• _Extracted information_:
>>>

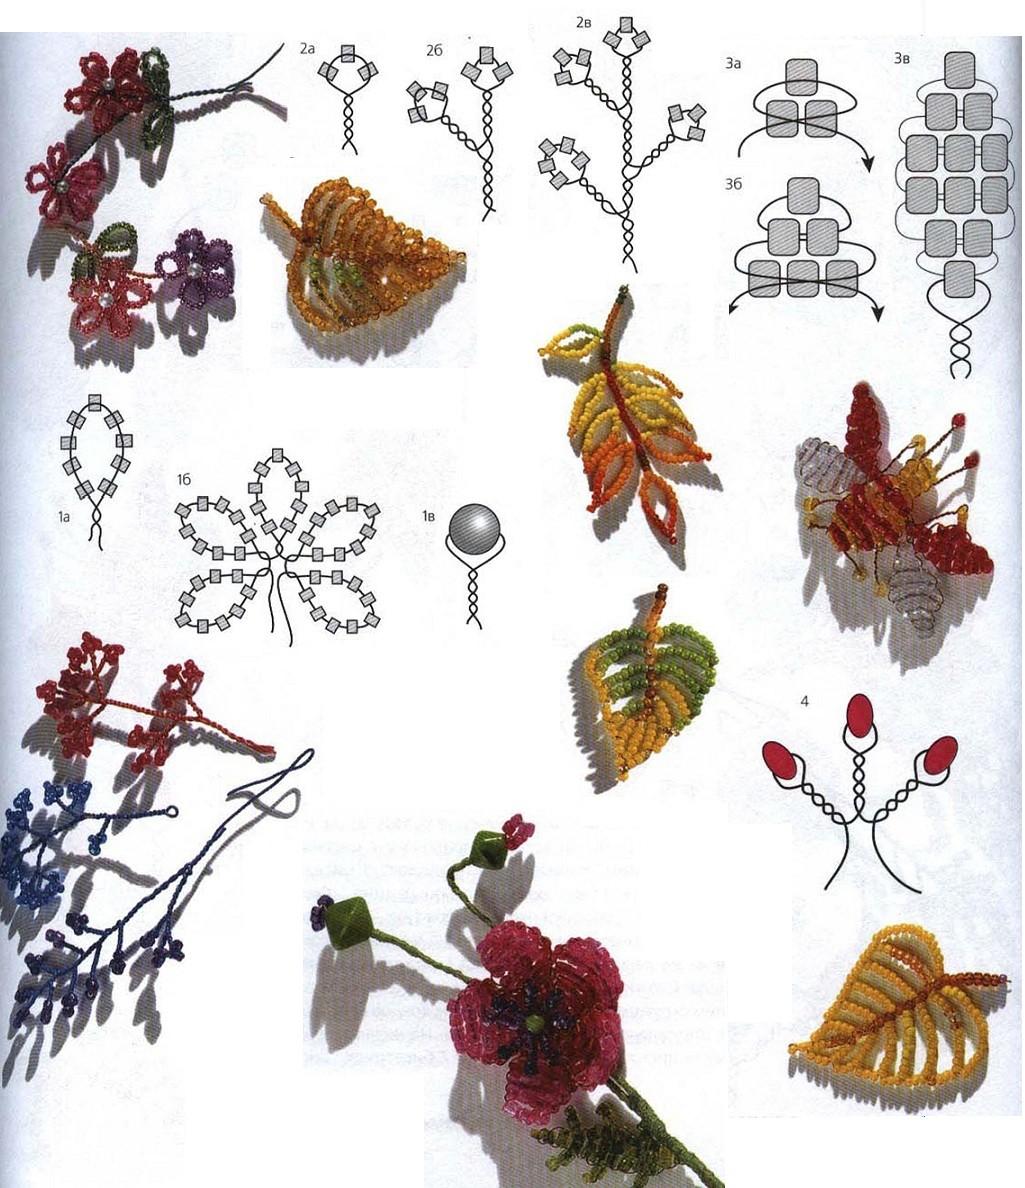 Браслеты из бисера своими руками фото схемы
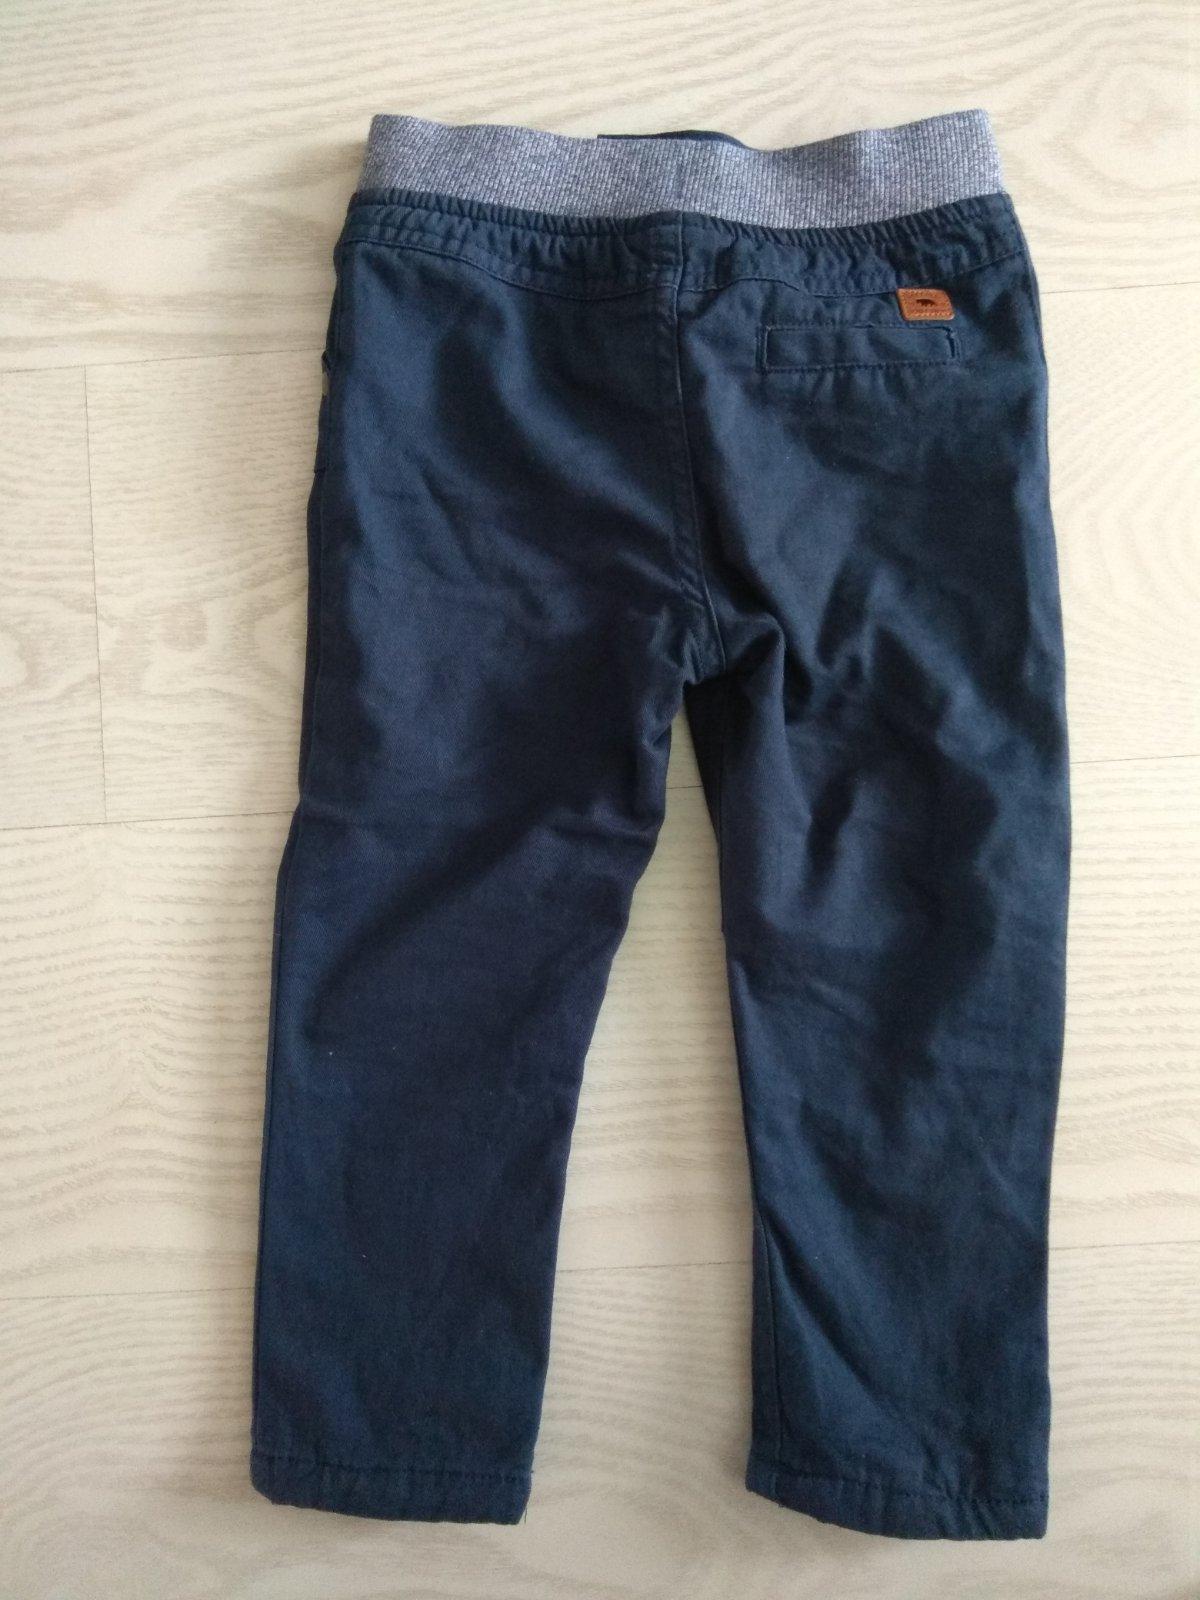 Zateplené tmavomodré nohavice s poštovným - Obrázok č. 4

<<<
>>>

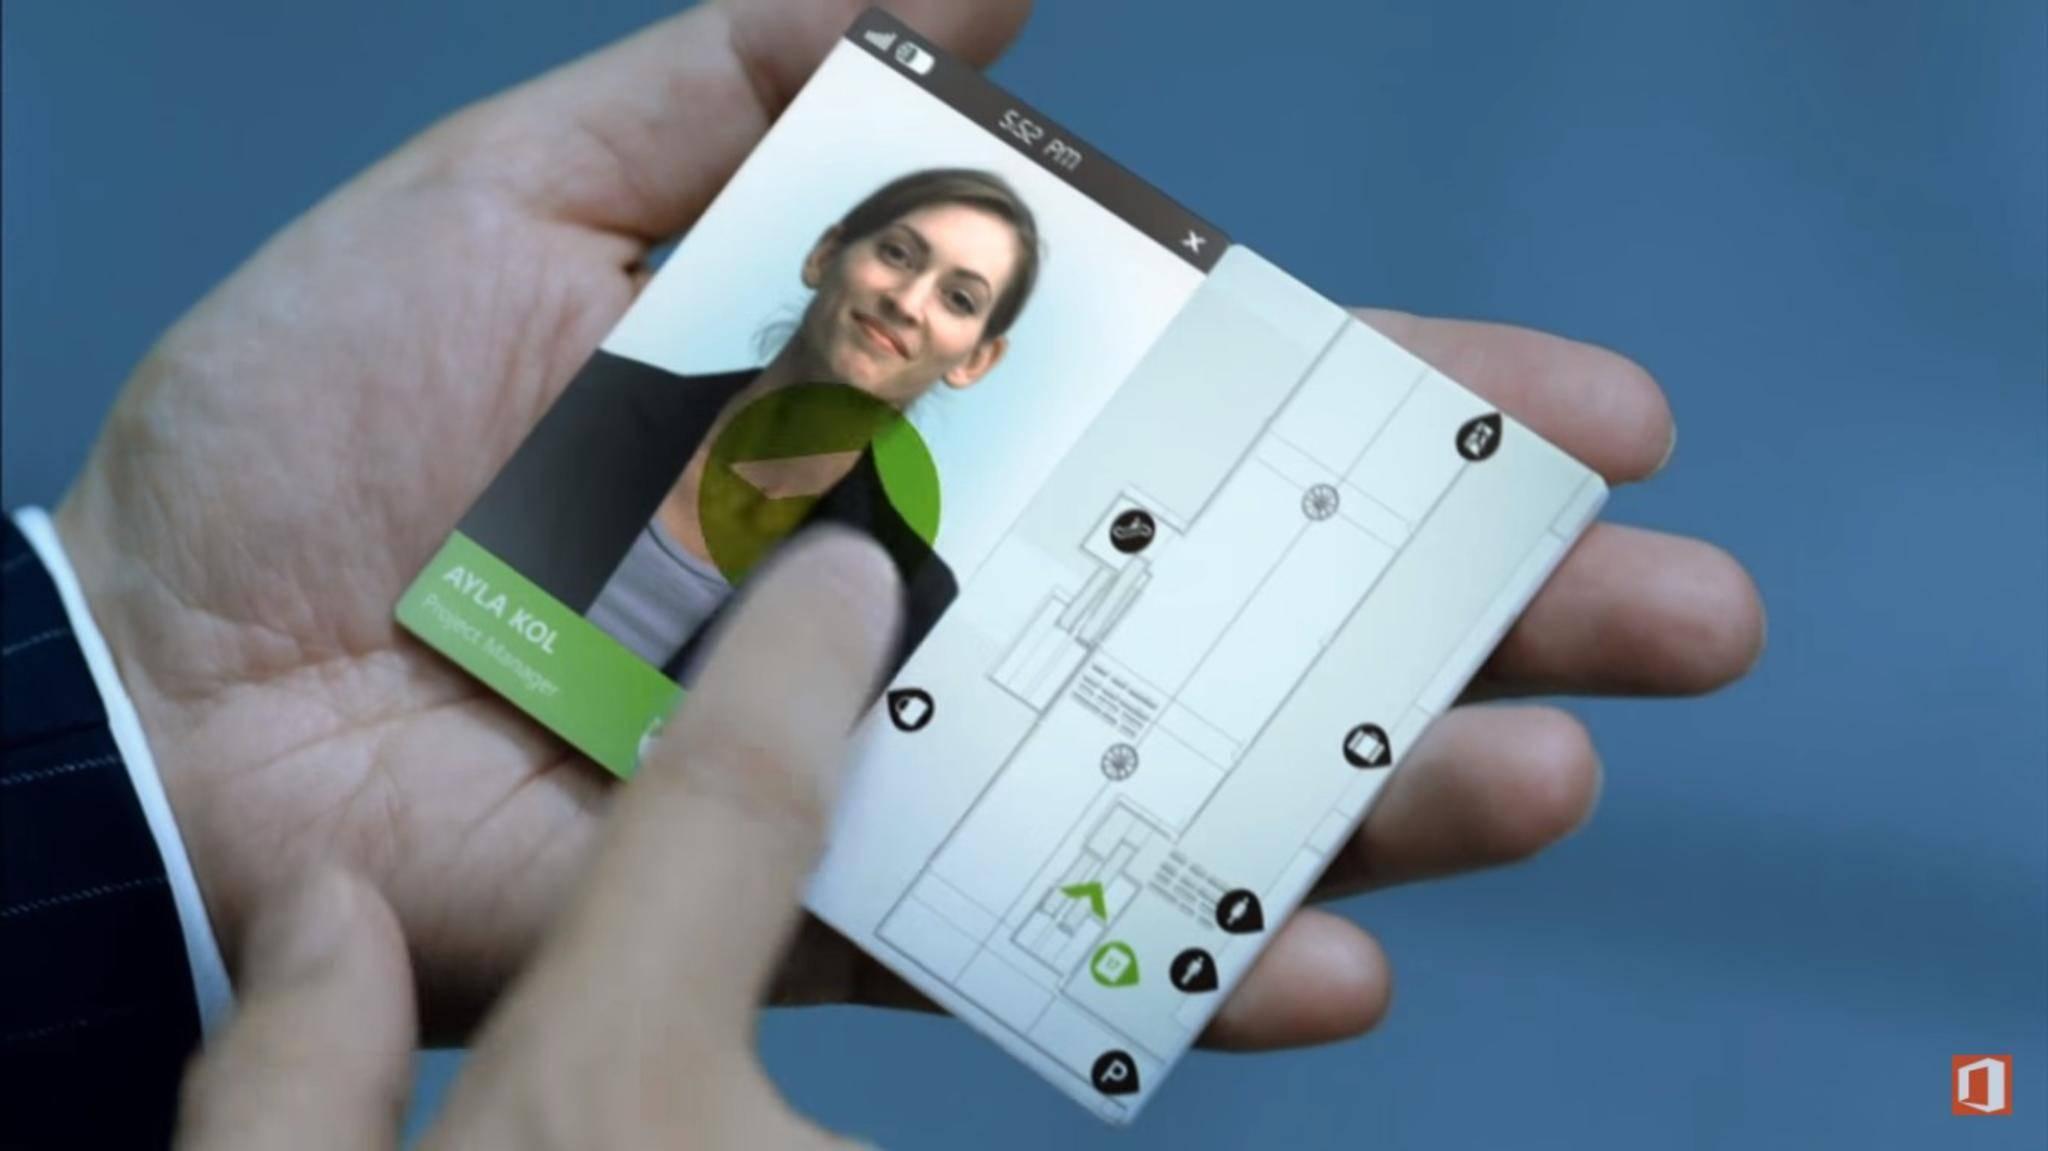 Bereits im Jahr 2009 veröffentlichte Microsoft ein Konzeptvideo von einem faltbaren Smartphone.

<<<

• _The task_: From the material above, give again exactly the lines from the one that contains "Браслеты из бисера своими руками фото схемы" through the one that contains "Zateplené tmavomodré nohavice", and leave out the pictures.

• _Exercise solution_:
 Браслеты из бисера своими руками фото схемы
 Zateplené tmavomodré nohavice s poštovným - Obrázok č. 4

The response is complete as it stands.